Eigenfunctions

We have already found the ground state wave function, Φ₀(x) = Cexp(-½mωx²/ħ).
If we require the wave function to be properly normalized, i.e. ∫_-∞^∞|Φ₀(x) |²dx = 1,
then |C|²∫_-∞^∞exp(-mωx²/ħ)dx = 1, |C|²(πħ/(mω))^1/2 = 1, C = (mω/(πħ))^1/4.
Therefore
Φ₀(x) = (mω/(πħ))^1/4exp(-½mωx²/ħ).

We have previously shown that |Φ_n> = (n!)^-1/2(a^†)ⁿ|Φ₀>,
<x|Φ_n> = Φ_n(x) = (n!)^-1/2<x|(a^†)ⁿ|Φ₀>,
a^† = (mω/(2ħ))^1/2(X - iP/(mω)).

We therefore have
<x|(a^†)ⁿ|Φ₀> = <x|a^†(a^†)^n-1|Φ₀> = ((n+1)!)^1/2 <x|a^†|Φ_n-1>
= ((n+1)!)^1/2[(mω/(2ħ))^1/2<x|X|Φ_n-1> - (i/(2mωħ)^1/2)<x|P|Φ_n-1>]
= ((n+1)!)^1/2[(mω/(2ħ))^1/2xΦ_n-1(x) - (i/(2mωħ)^1/2)(ħ/i)∂/∂x)Φ_n-1(x)].
or
Φ_n(x) = n^-1/2[(mω/(2ħ))^1/2x - (ħ/(2mω)^1/2)∂/∂x]Φ_n-1(x),
Φ_n(x) = (n!)^-1/2[(mω/(2ħ))^1/2x - (ħ/(2mω)^1/2)∂/∂x]ⁿΦ₀(x).

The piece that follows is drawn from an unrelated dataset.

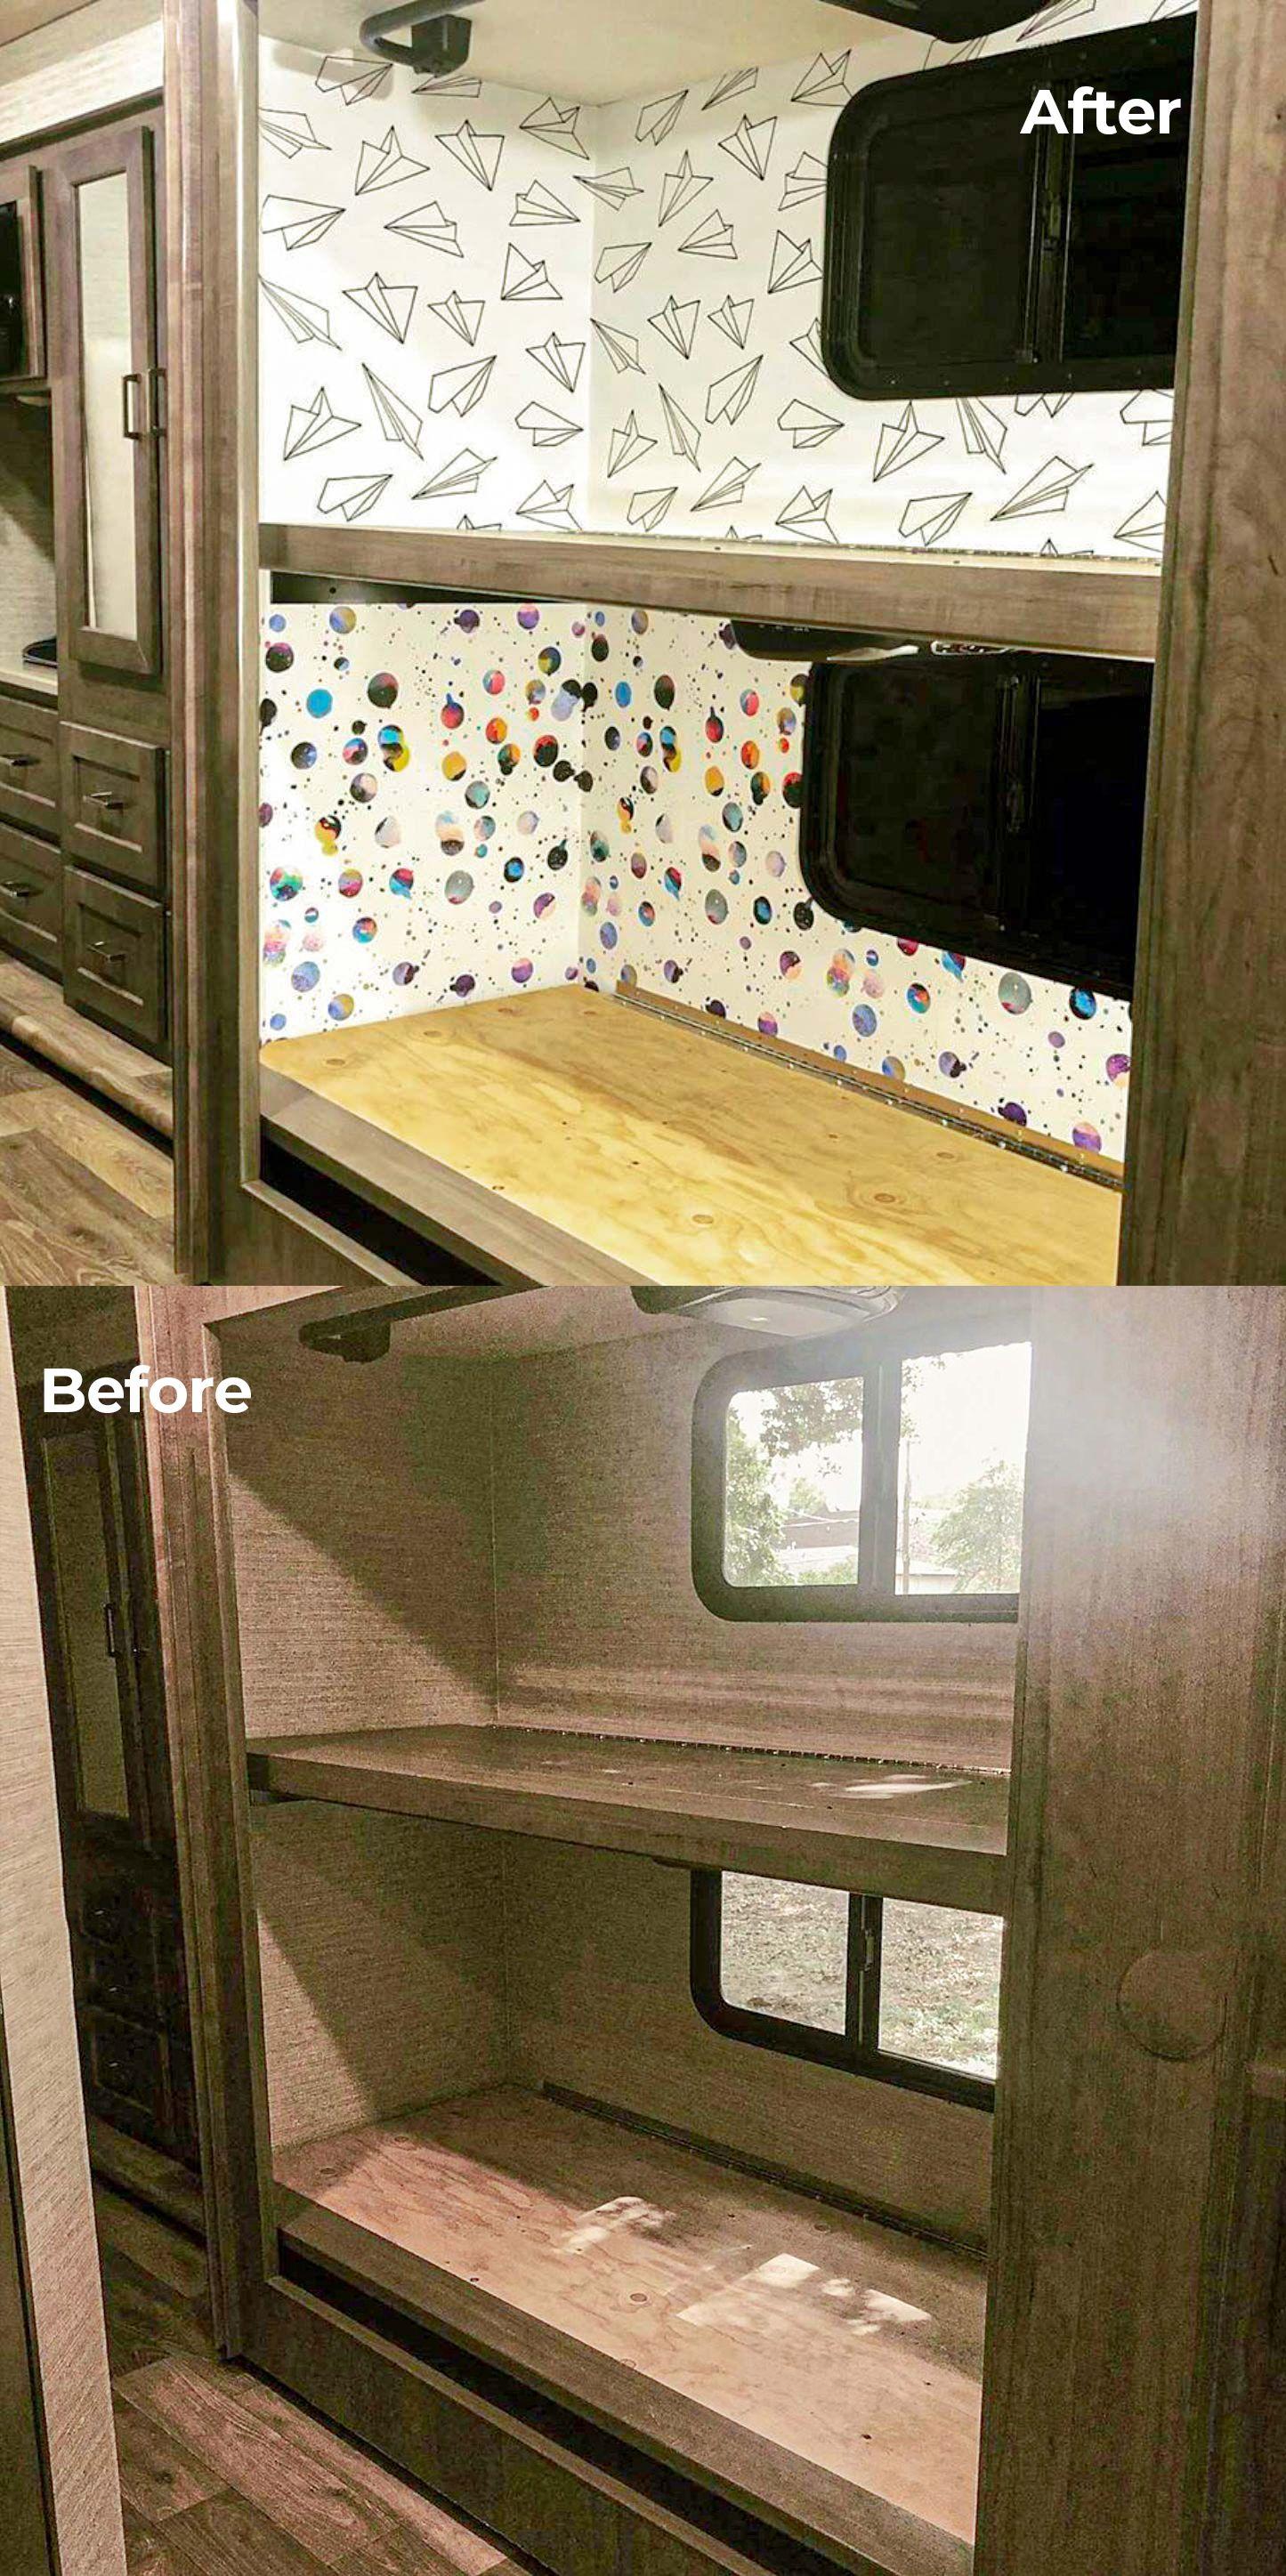 Rv Transformation Peel And Stick Wallpaper Removable Wallpaper Design Your Home Peel And Stick Wallpaper

Φ_n(x) = (n! 2ⁿ)^-1/2(ħ/(mω))^n/2(mω/(πħ))^1/4[ (mω/ħ)x - ∂/∂x]ⁿexp(-½mωx²/ħ).
or
Φ_n(η) = (n! 2ⁿ)^-1/2β/√π)^1/2(η - ∂/∂η)ⁿexp(-½η²),
where η = (mω/ħ)^1/2 x = βx.

Φ_n(x) is the product of exp(-½mωx²/ħ) and a polynomial of degree n and parity (-1)ⁿ called a Hermite polynomial.
Specifically,
Φ₁(x) = ((4/π)(mω/ħ)³)^1/4 x exp(-½mωx²/ħ),
Φ₂(x) = (mω/(4πħ))^1/4 [2mωx²/ħ - 1] exp(-½mωx²/ħ).

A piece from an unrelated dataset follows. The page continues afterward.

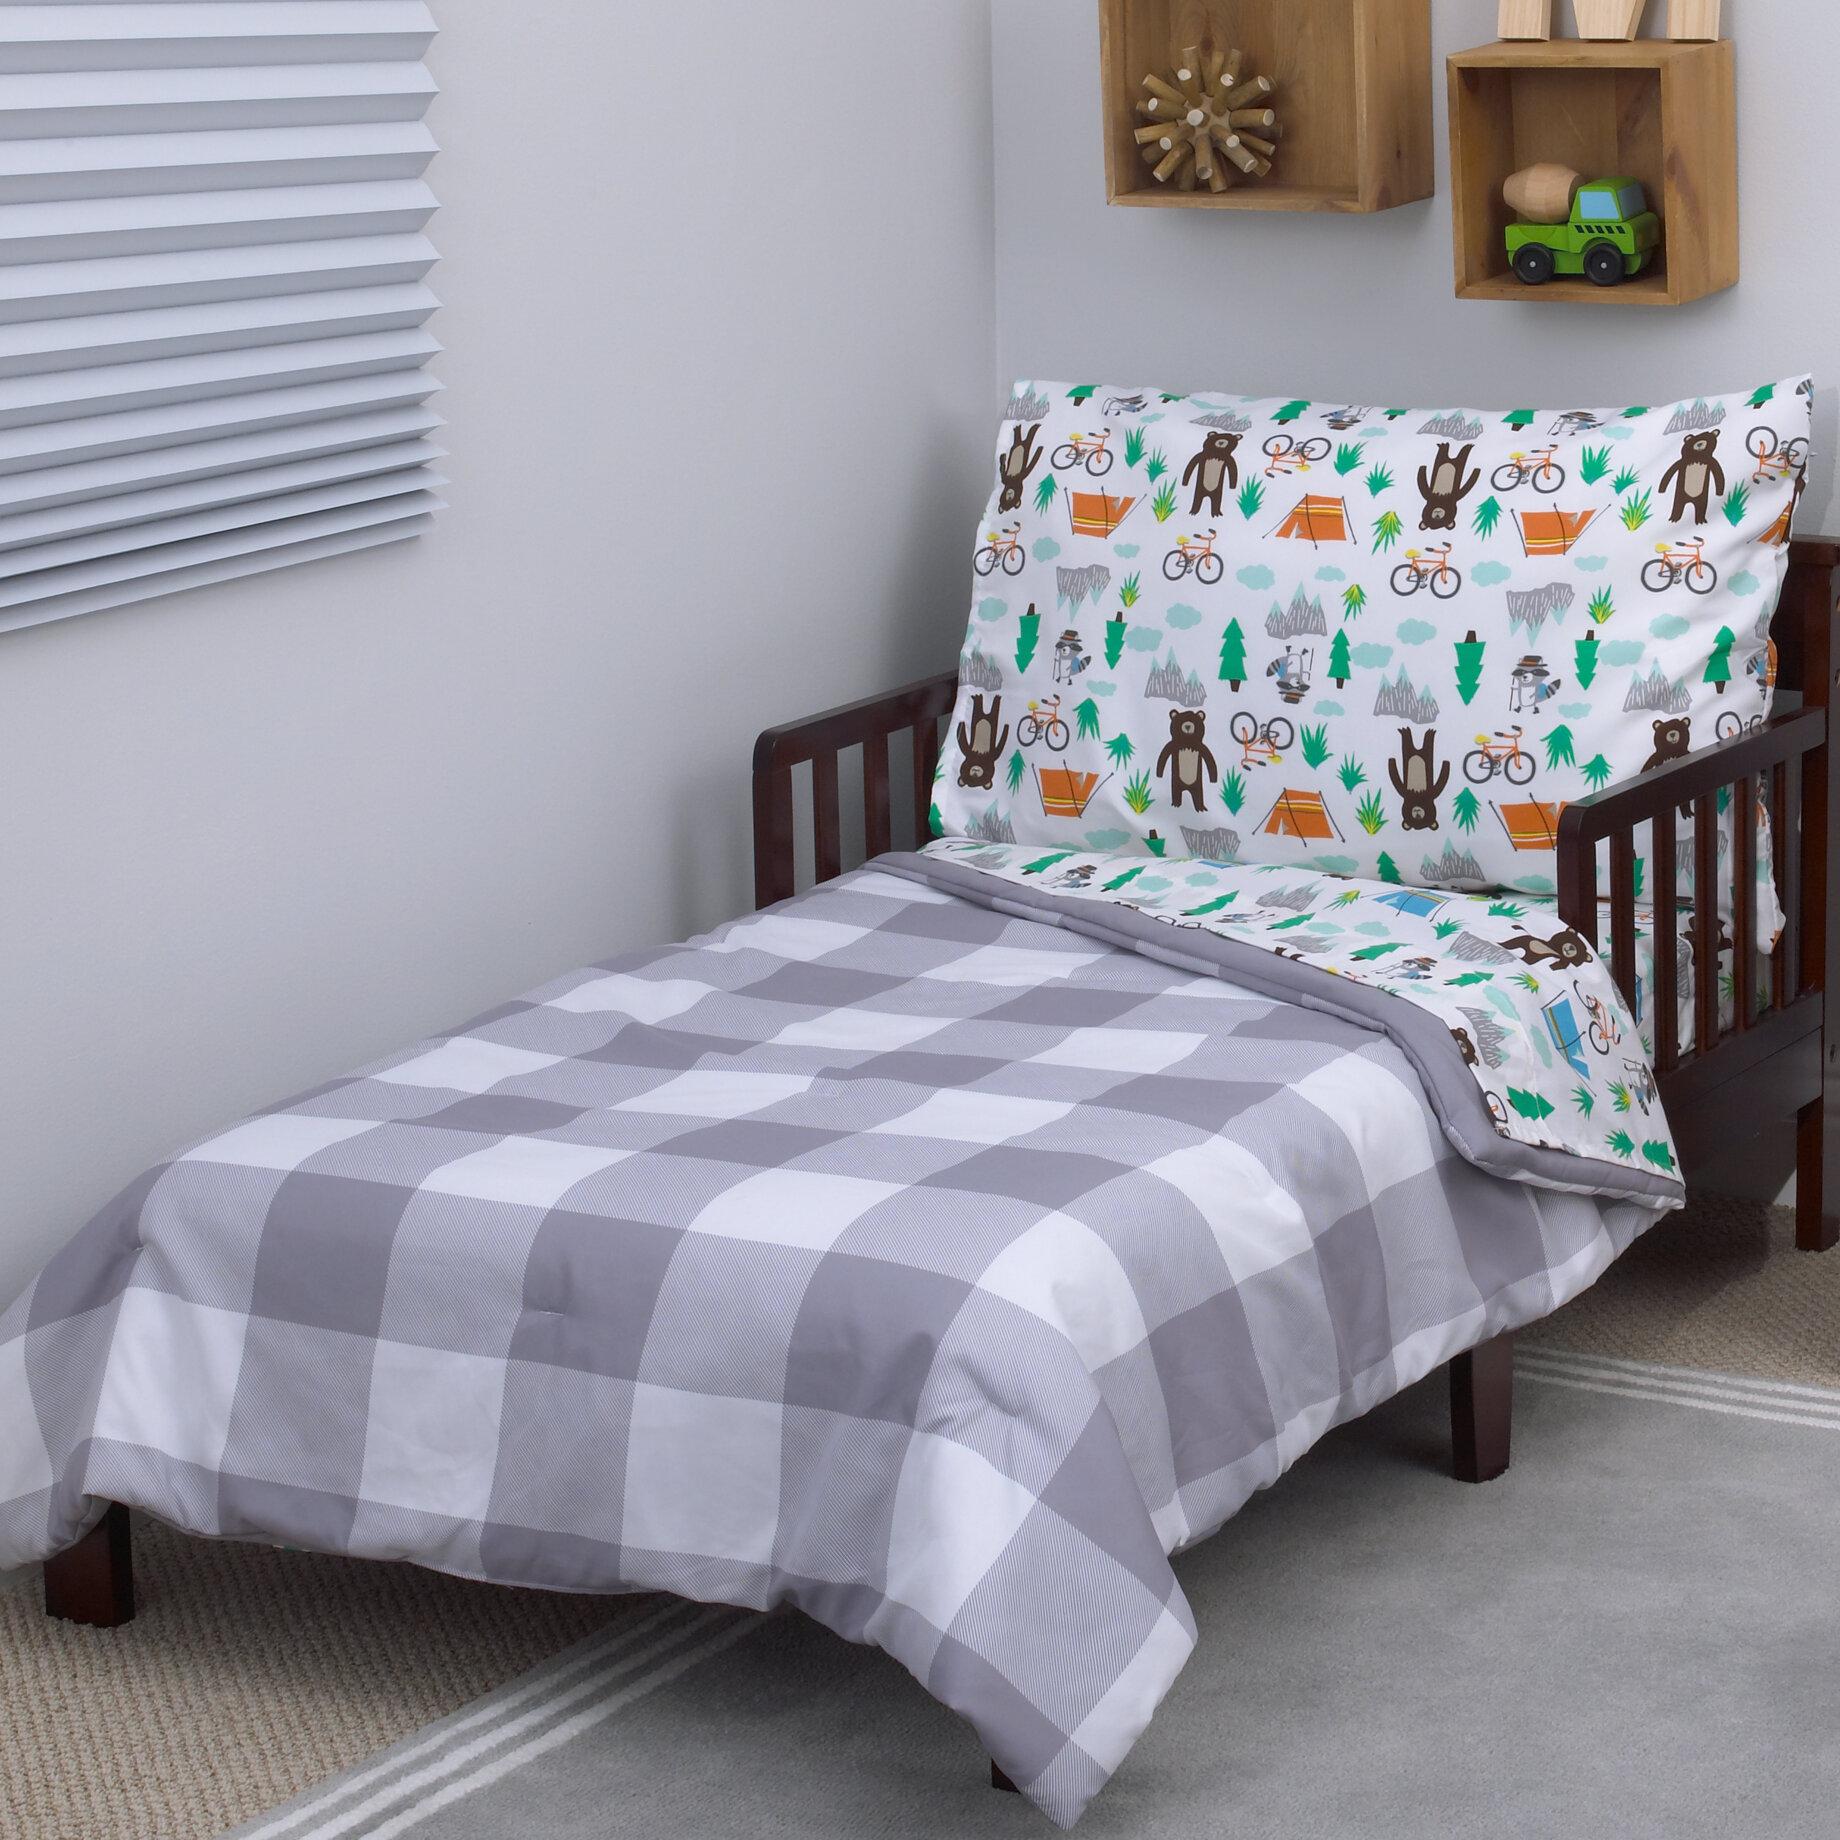 carters woodland boy 4 piece toddler bedding set wayfair - Toddler Bedding

hofunction.gif (3784 bytes)

with mω/ħ = 1.

Link: Harmonic oscillator wavefunctions

The Hermite polynomials
Let us look at the Hermite polynomials in somewhat more detail.
Consider a Gaussian function, F(z) = exp(-z²).
dF/dz = F⁽¹⁾(z) = -2z exp(-z²), d²F/dz² = F⁽²⁾(z) = (4z² -2) exp(-z²).
We write
dⁿF/dzⁿ = F⁽ⁿ⁾(z) = (-1ⁿ)H_n(z)exp(-z²). H_n(z) = (-1ⁿ)exp(z²)dⁿexp(-z²)/dzⁿ.
This defines the Hermite polynomials.
H₀(z) = 1, H₁(z) = 2z, H₂(z) = 4z² - 2..
The parity of the Hermite polynomials is (-1)ⁿ.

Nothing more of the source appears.